The meeting agenda had a strong focus on using machine learning in email archives; collecting and processing emails is a large encumbrance in many archives that can stand to benefit greatly from machine learning tools. For example, Joanne Kaczmarek from the University of Illinois presented a project processing capstone email accounts using an e-discovery and predictive coding software called Ringtail. In partnership with the Illinois State Archives, Kaczmarek used Ringtail to identify groups of “archival” and “non-archival” emails from 62 capstone accounts, and to further break down the “archival” category into “restricted” and “public.” After 3-4 weeks of tagging training data with this software, the team was able to reduce the volume of emails by 45% by excluding “non-archival” messages, and identify 1.8 million emails that met the criteria to be made available to the public. Manually, this tagging process could have easily taken over 13 years of staff time.
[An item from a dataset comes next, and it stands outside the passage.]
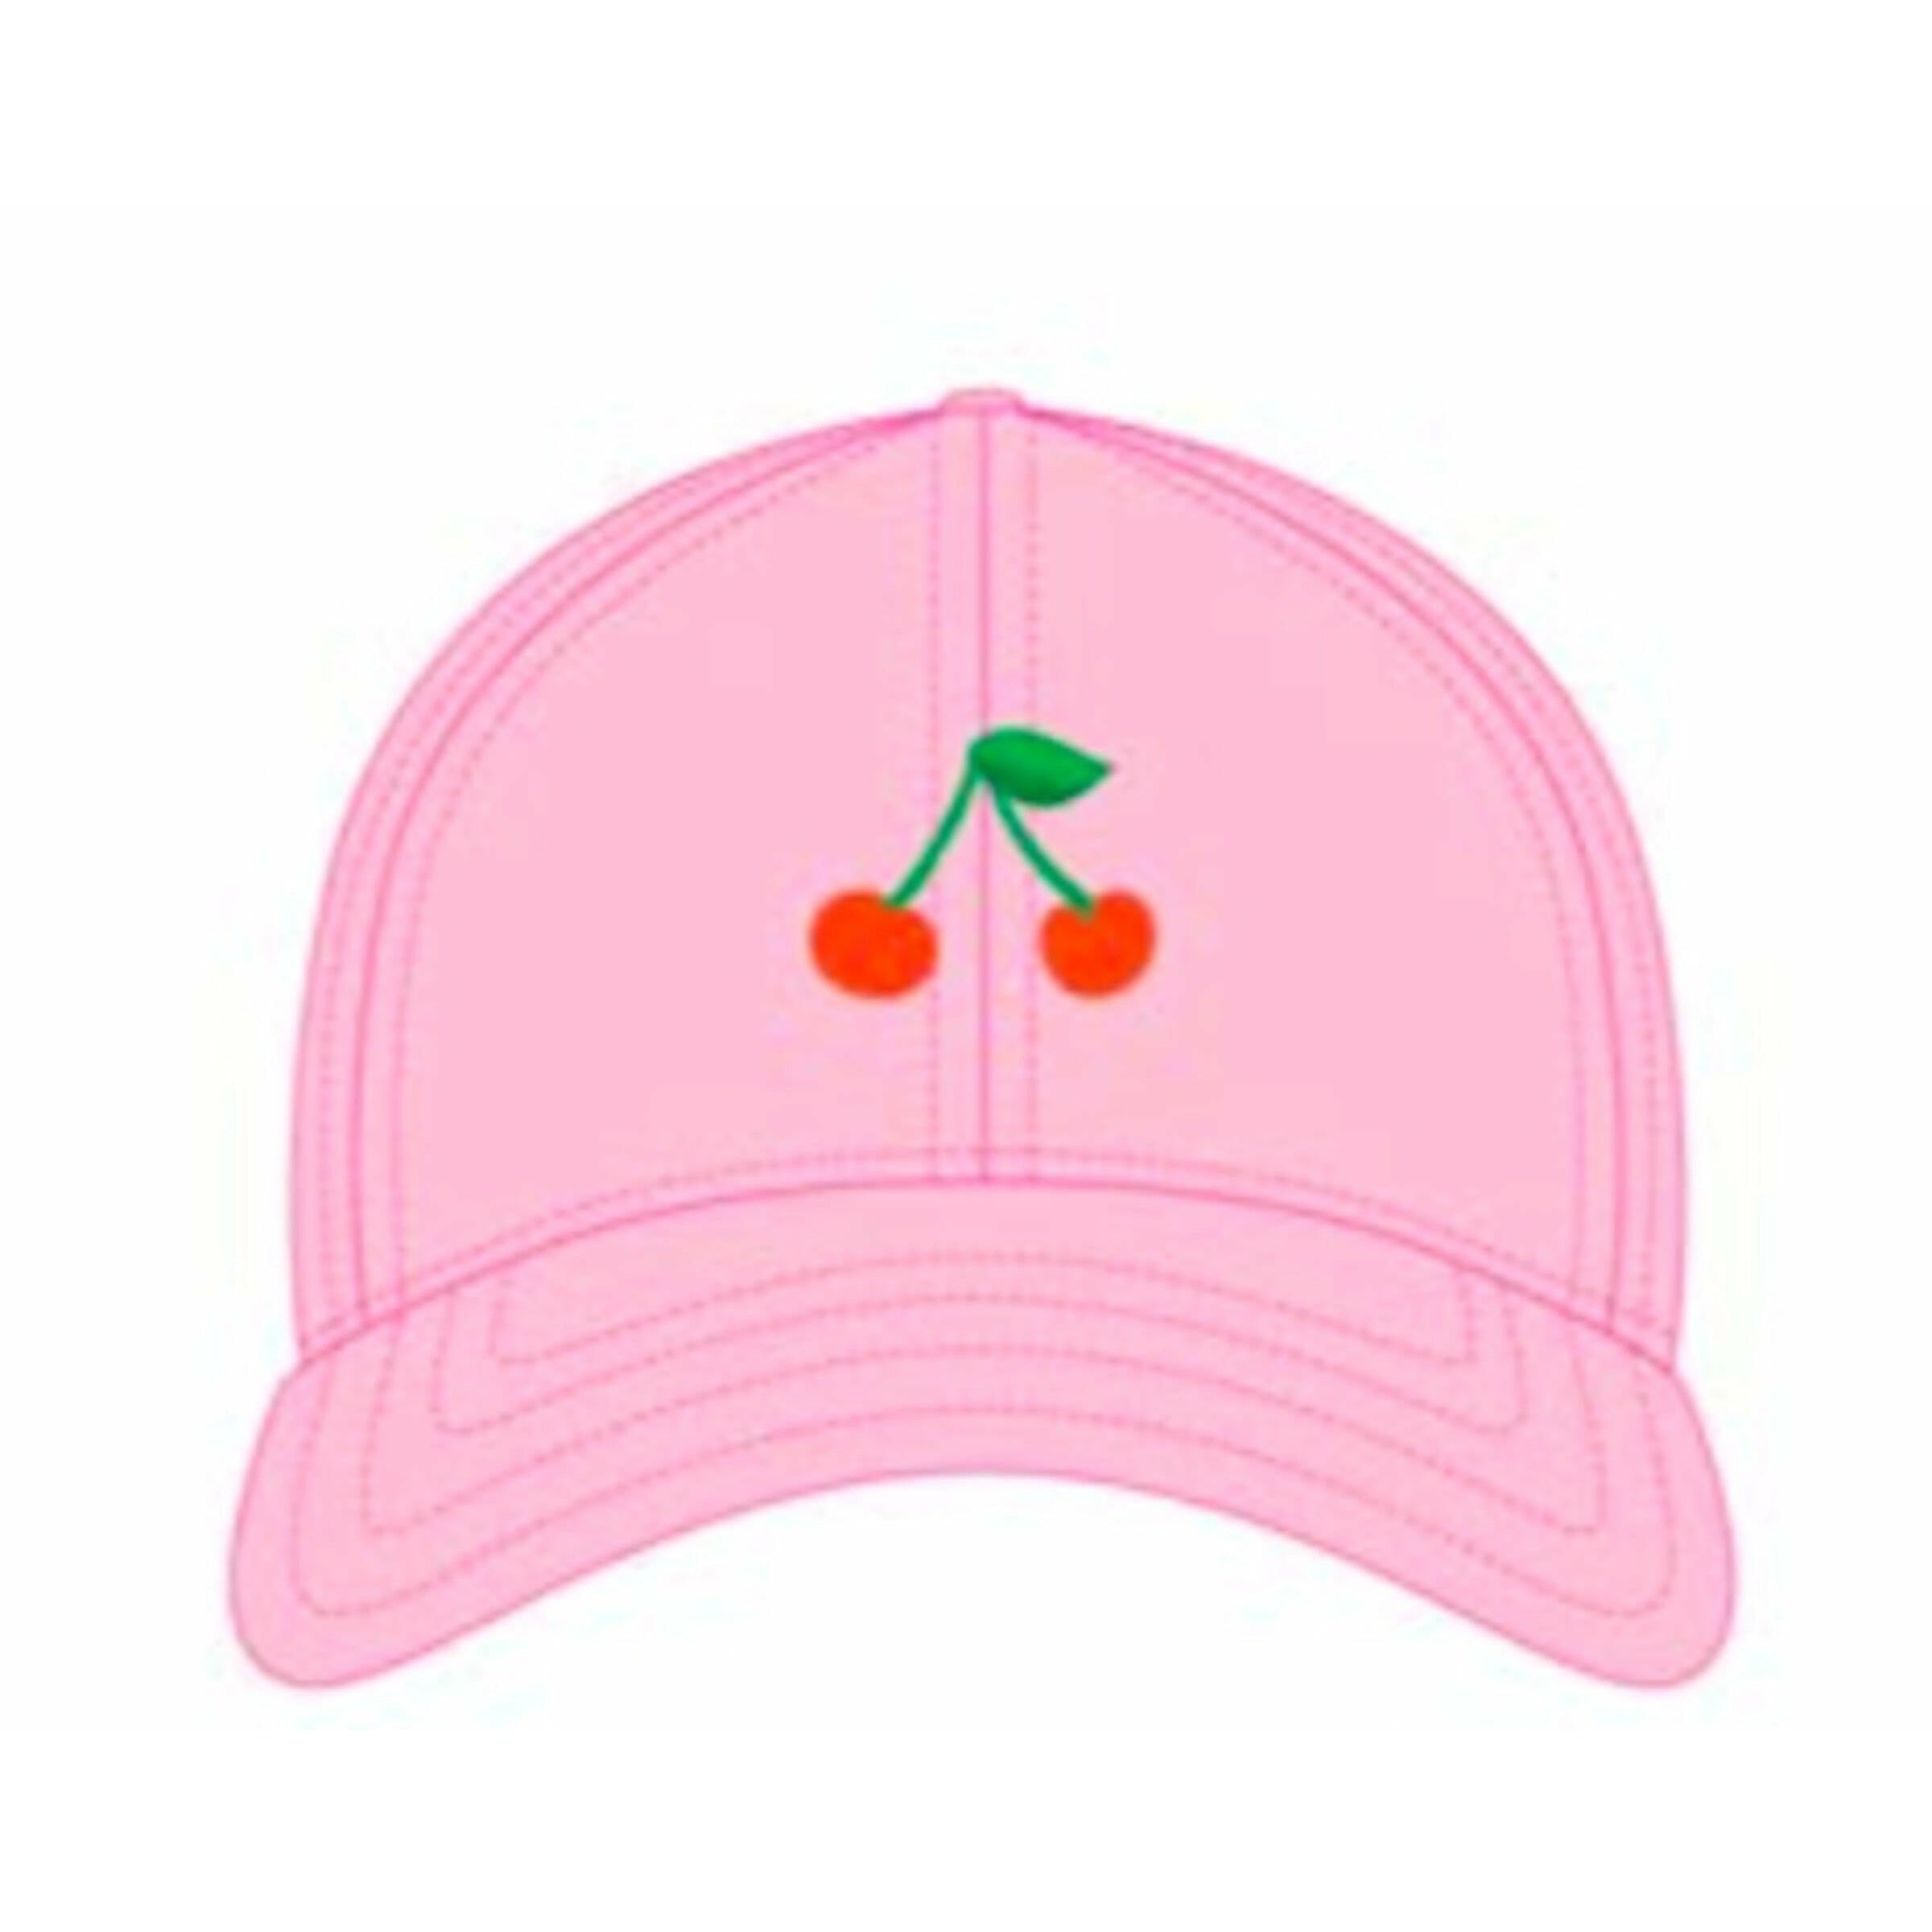 Baseball Hat - Cherries on Light Pink

After the ml4arc meeting, I am excited to see the evolution of these projects and how natural language processing and machine learning can help us with our responsibilities as archivists and records managers. From entity extraction to PII identification, there are myriad possibilities for these technologies to help speed up our processes and overcome challenges.


Emily Higgs is the Digital Archivist for the Swarthmore College Peace Collection and Friends Historical Library. Before moving to Swarthmore, she was a North Carolina State University Libraries Fellow. She is also the Assistant Team Leader for the SAA ERS section blog.